§ **DATA EXTRACT**:
★ ★ ★ ★ ★
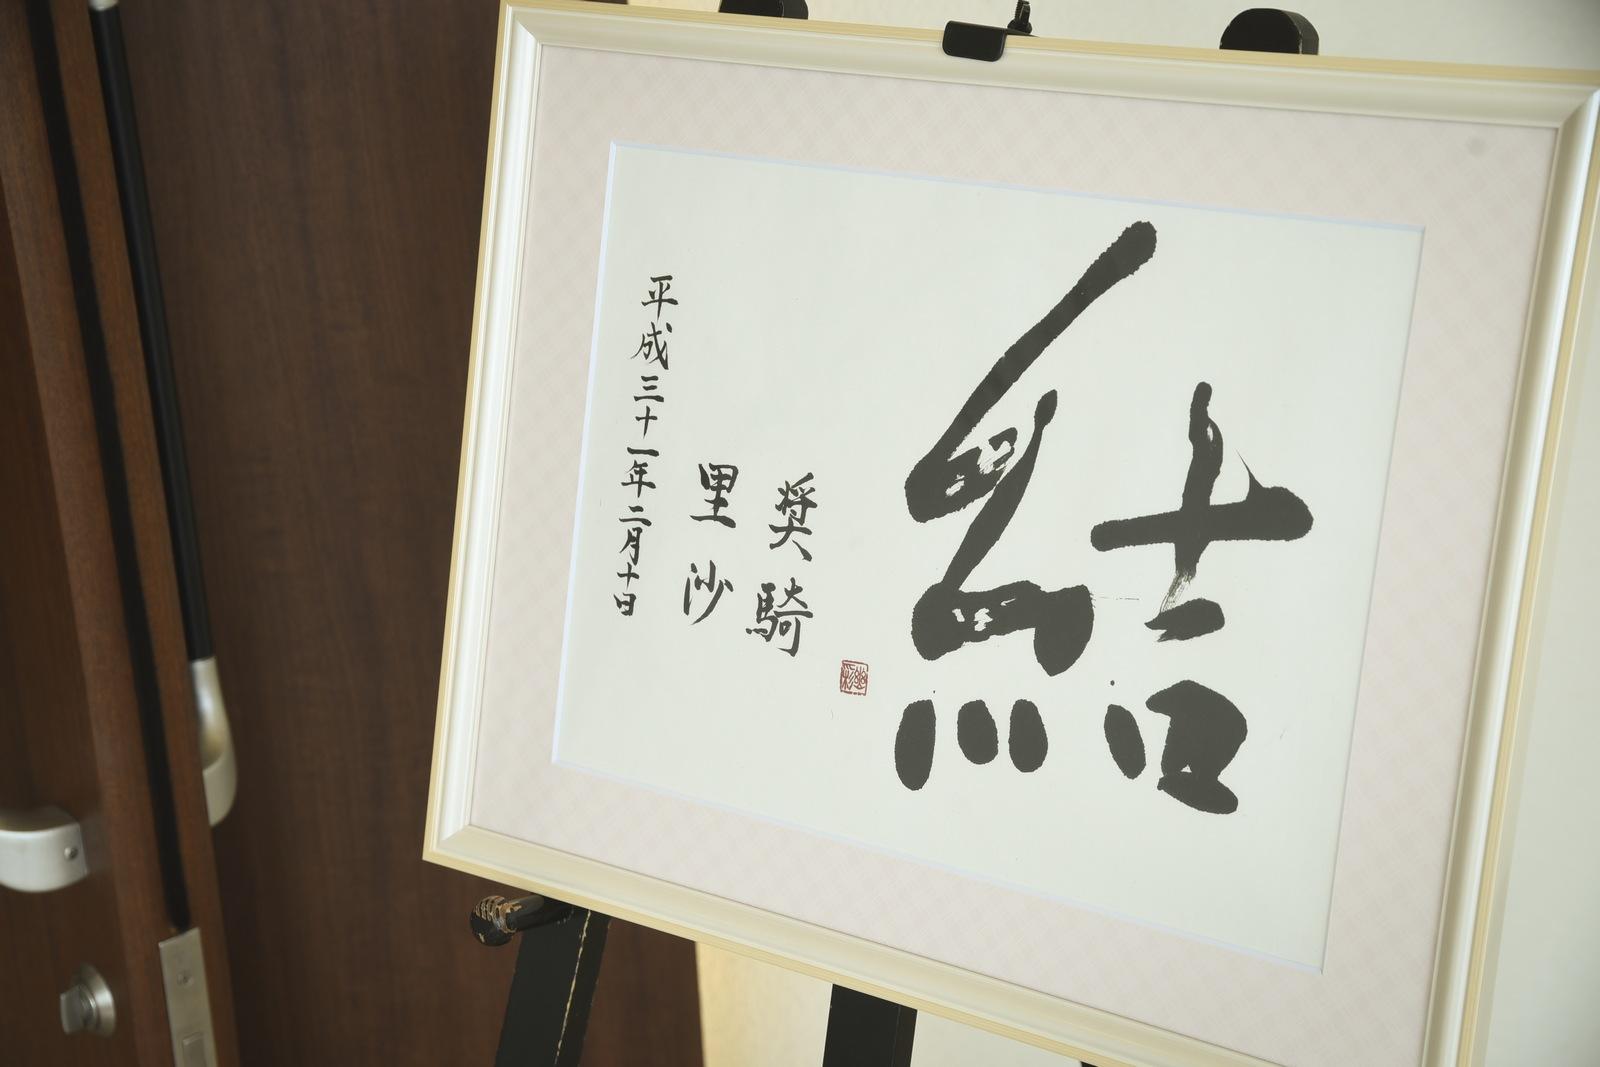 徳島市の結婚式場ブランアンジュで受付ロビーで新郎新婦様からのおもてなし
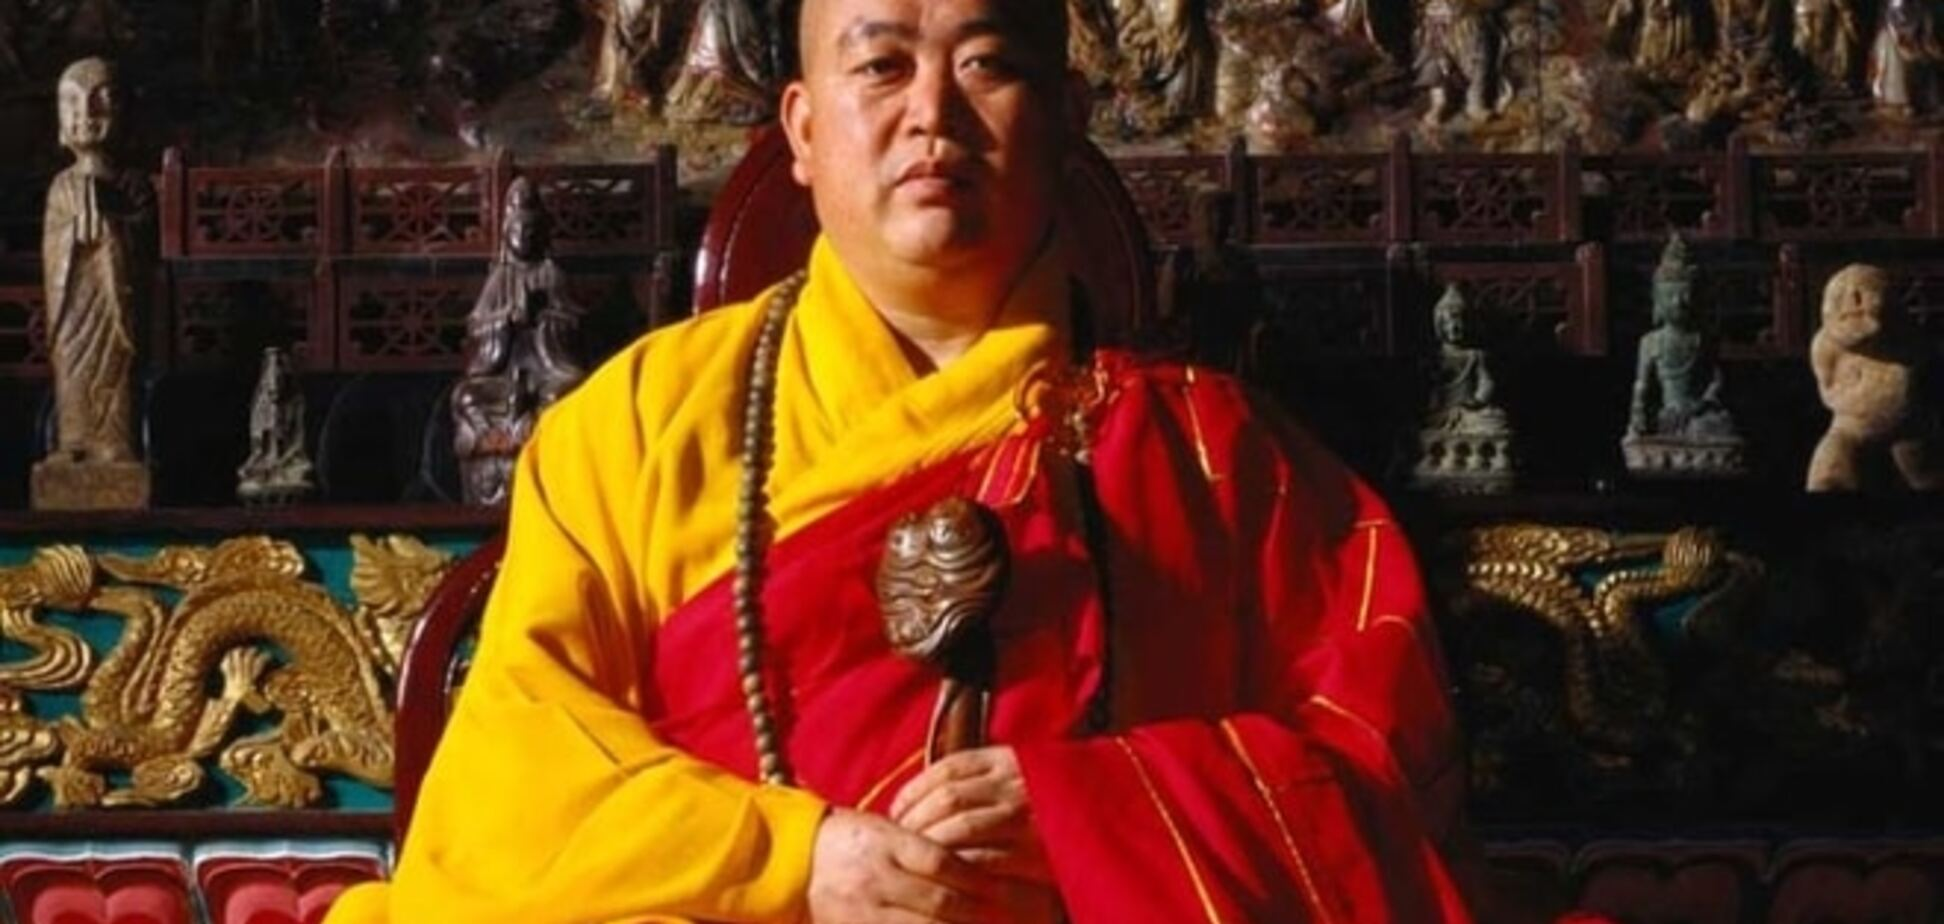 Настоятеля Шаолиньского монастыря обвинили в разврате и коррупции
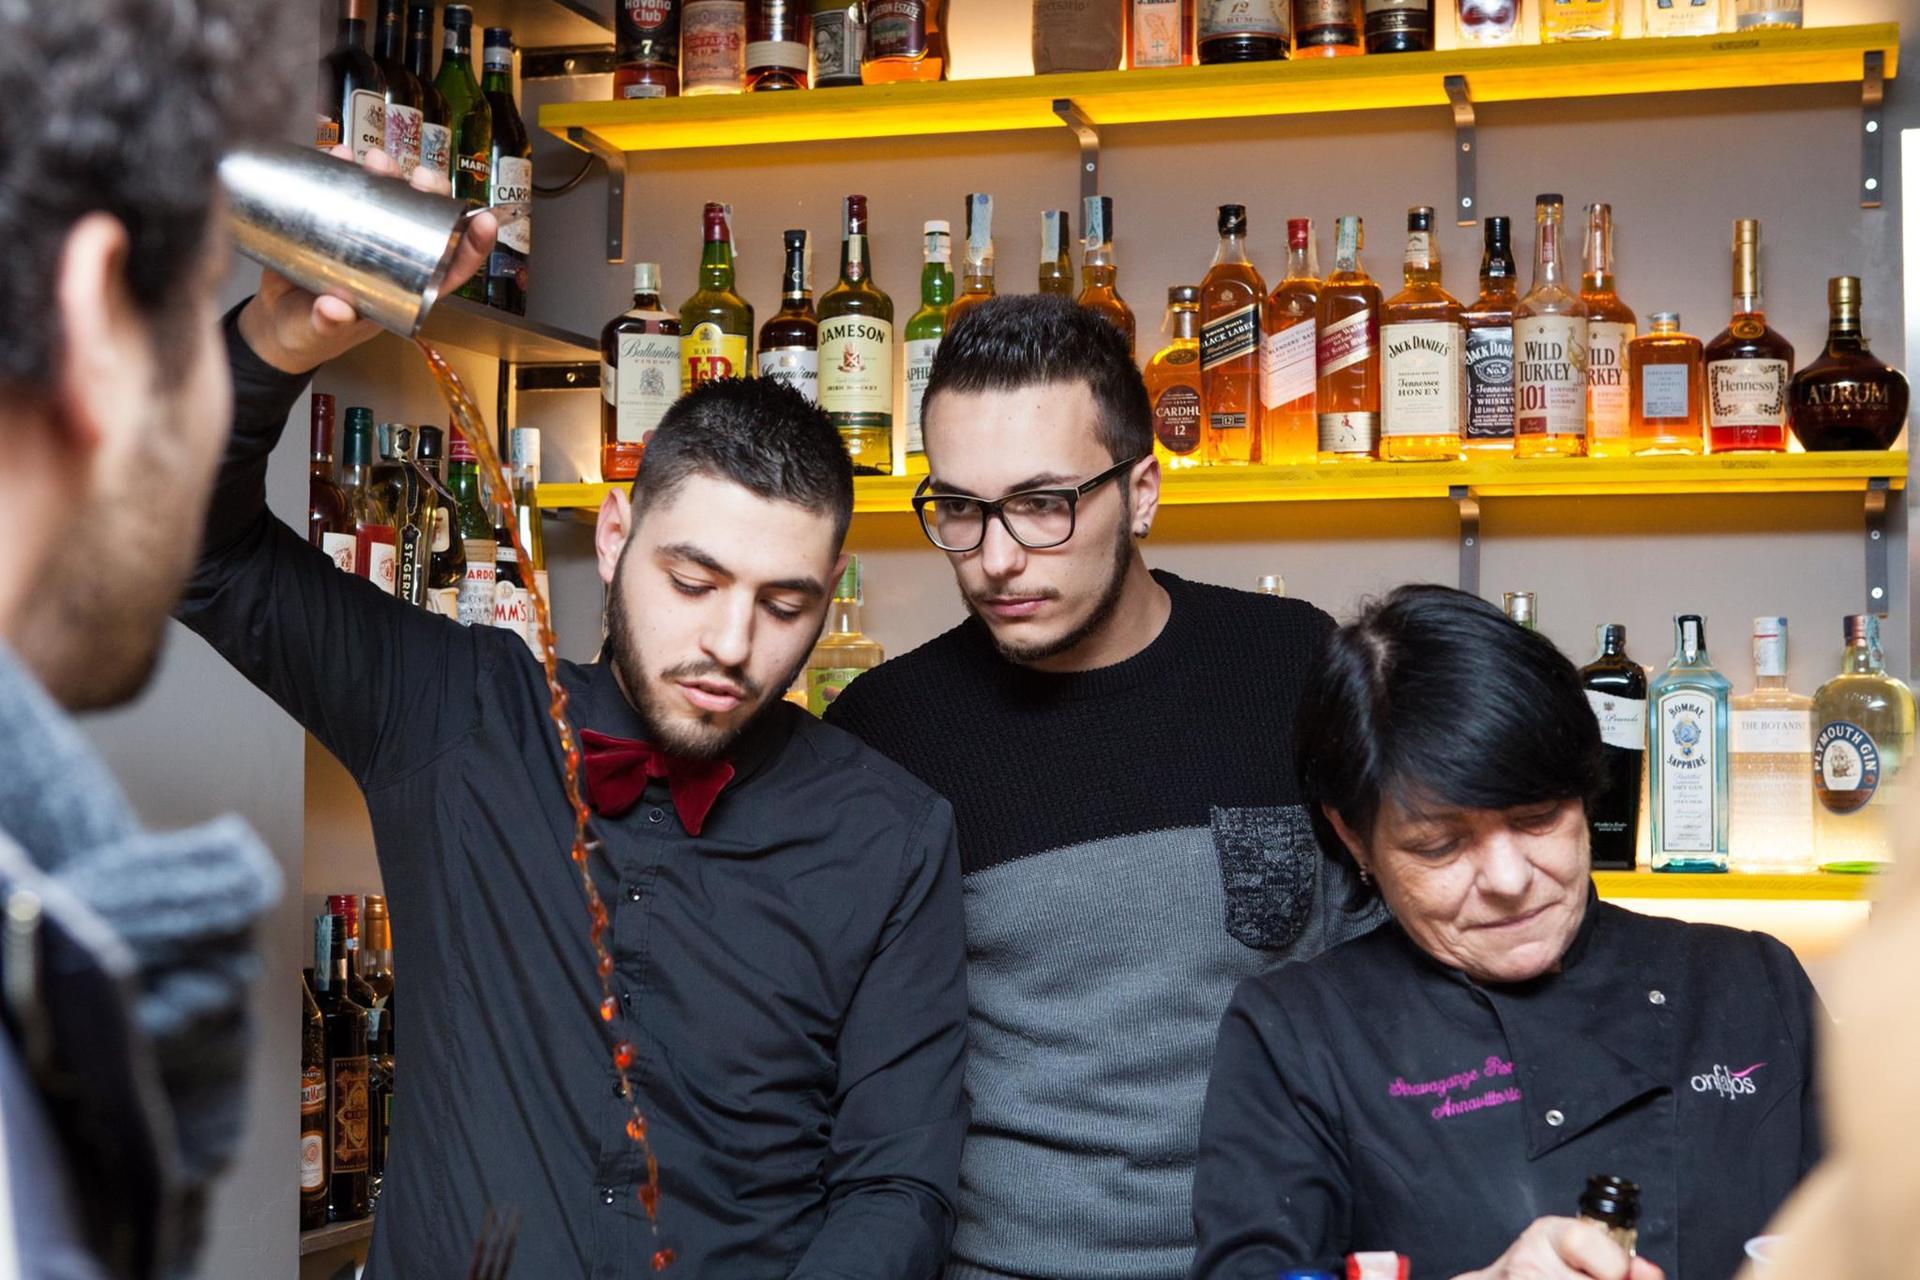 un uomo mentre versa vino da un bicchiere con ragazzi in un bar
★ ★ ★ ★ ★
§ **TASK PROMPT**: Drop the pictures, then write out only the lines running from the one containing "Настоятеля Шаолиньского монастыря" through the last line above, both included, exactly.

§ **RESULT OF THE EXERCISE**:
 Настоятеля Шаолиньского монастыря обвинили в разврате и коррупции
 un uomo mentre versa vino da un bicchiere con ragazzi in un bar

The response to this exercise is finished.